Perhaps it is impossible for you to imagine that LLMs can share some properties with compilers and other properties with humans? And that this specific blend of properties makes them unique? And that uniqueness means we have to take a nuanced approach to understanding their impact on designing and building systems?
So lets lay it out. LLMs are like compilers in that they take high level instructions (in the form of English) and translate it into programming languages. Maybe "transpiler" would be a word you prefer? LLMs are like humans in that this translation of high level instructions to programming languages is non-deterministic and so it requires system level controls to handle this imprecision.
I do not detect any conflict in these two ideas but perhaps you see things differently.
Yes, but determinism is the factor that allows me to treat compilers as a black box without verifying their output. LLMs do not share this specific property, which is why I have to verify their output, and easily verifiable software is what I call "maintainable".

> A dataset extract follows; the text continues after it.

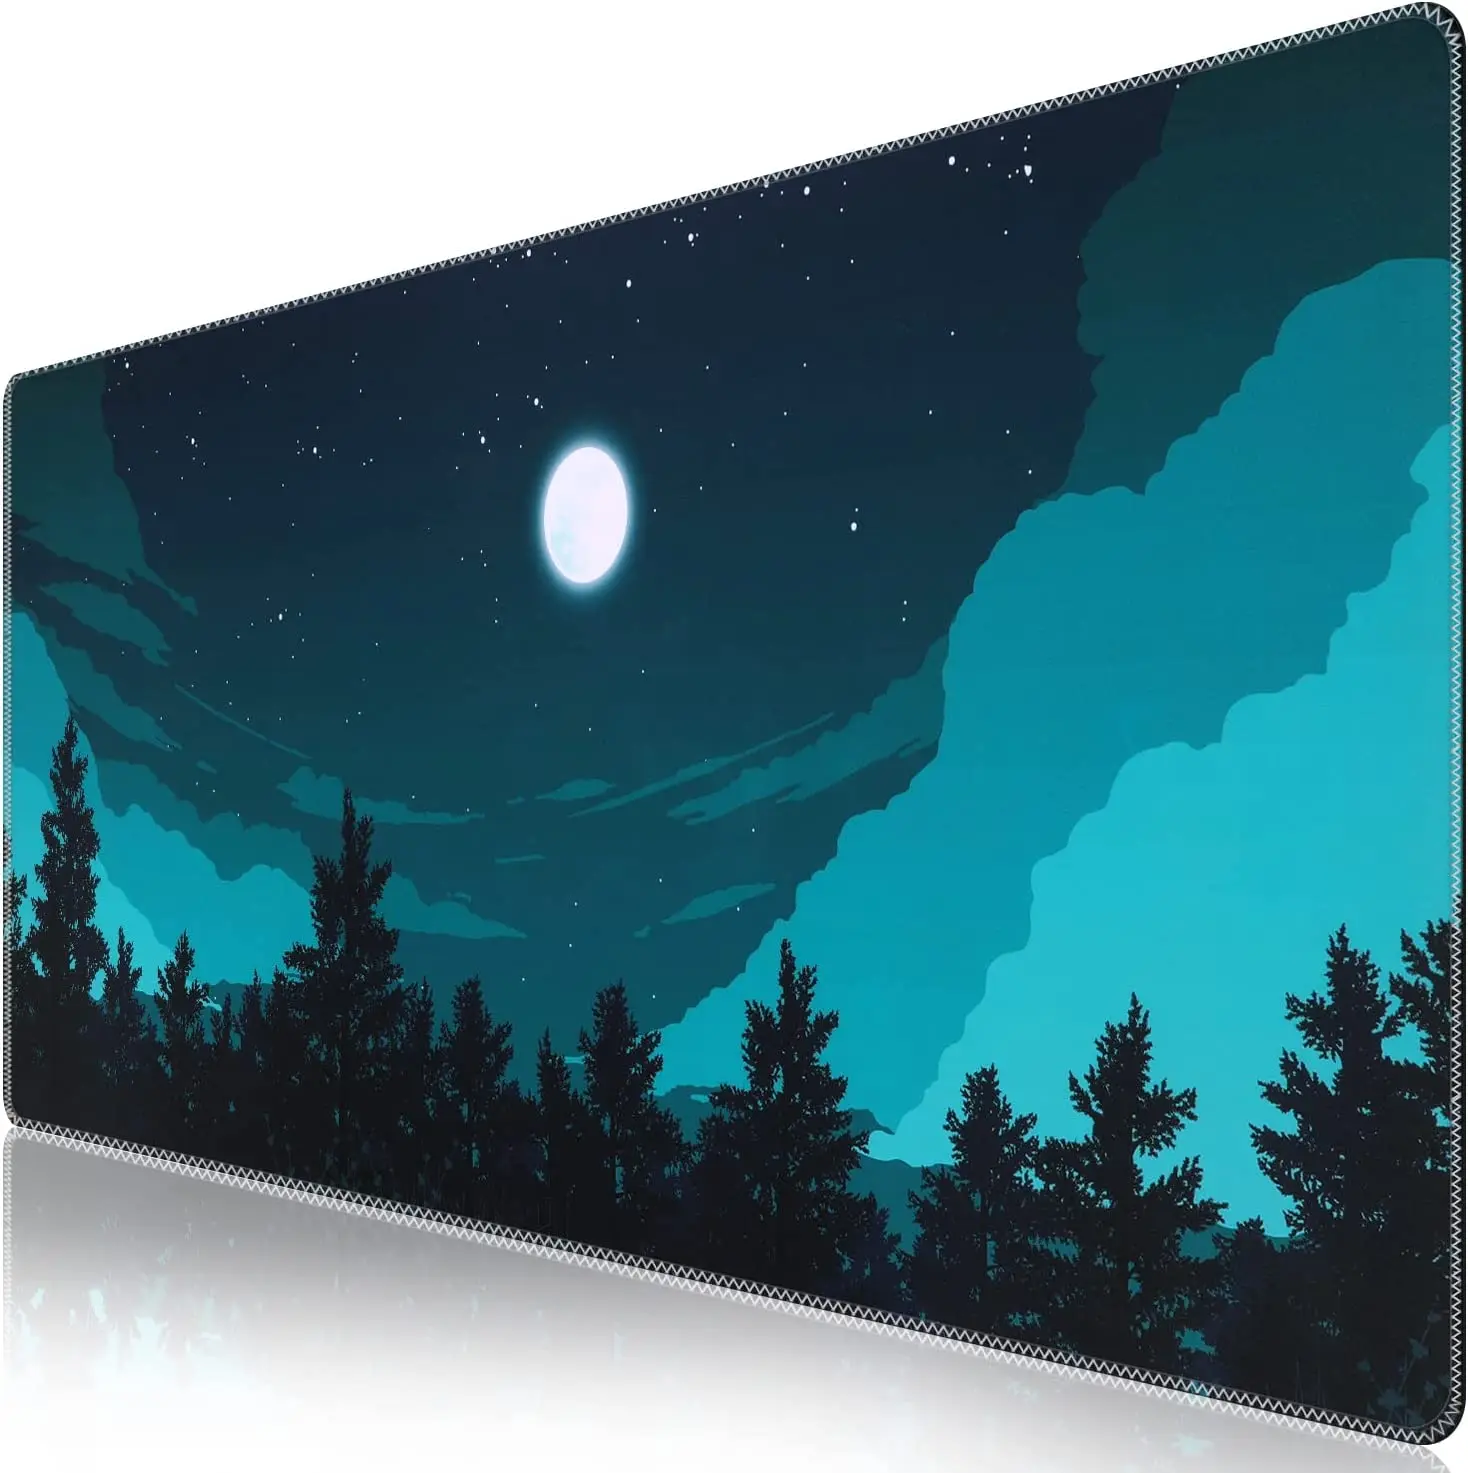 

Extended Mouse Pad 35.4x15.7 in Large 3mm Non-Slip Rubber Base Mousepad with Stitched Edges Waterproof Desk Pad- Silent Night
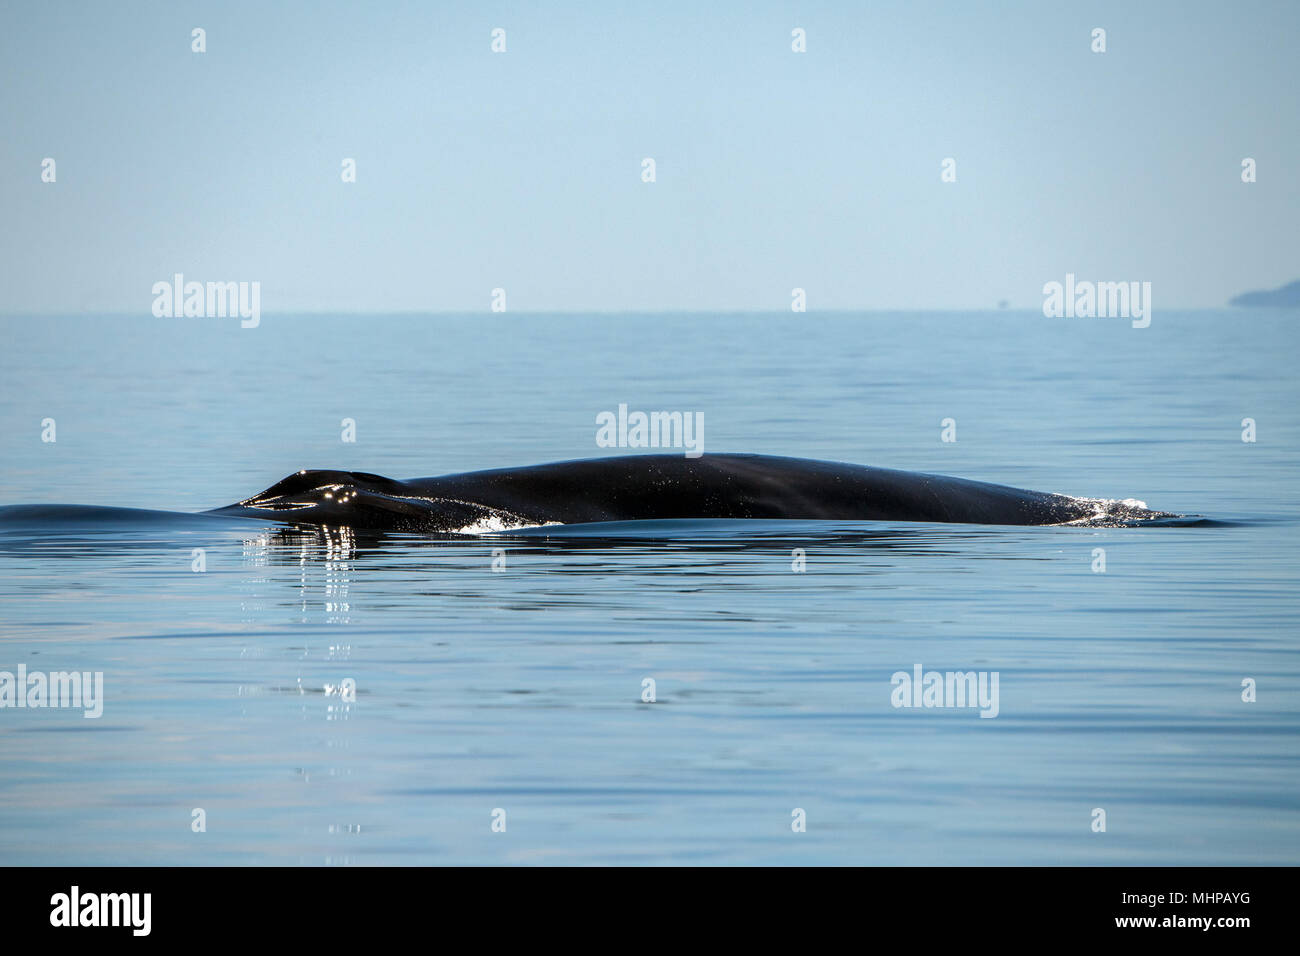 Blue Whale the biggest animal in the world 24 meters long Stock Photo -  Alamy

Would you go back to writing assembly? Would you diligently work to make the compiler "more" deterministic. Would you engineer your systems around potential failures?
How do industries like the medical or aviation deal with imperfect humans? Are there lessons we can learn from those domains that may apply to writing code with non-deterministic LLMs?
I also just want to point out an irony here. I'm arguing in favor of languages like Go, Rust and Zig over the more traditional dynamic scripting languages like Python, PHP, Ruby and JavaScript. I almost can't believe I'm fighting the "unmaintainable" angle here. Do people really think a web server written in Go or Rust is unmaintainable? I'm defending my position as if they are, but come on. This is all a bit ridiculous.
We have a system in science for verifying shoddy human output, it's called peer review. And it's easier for your peers to review your code when it's maintainable. We're back in the loop.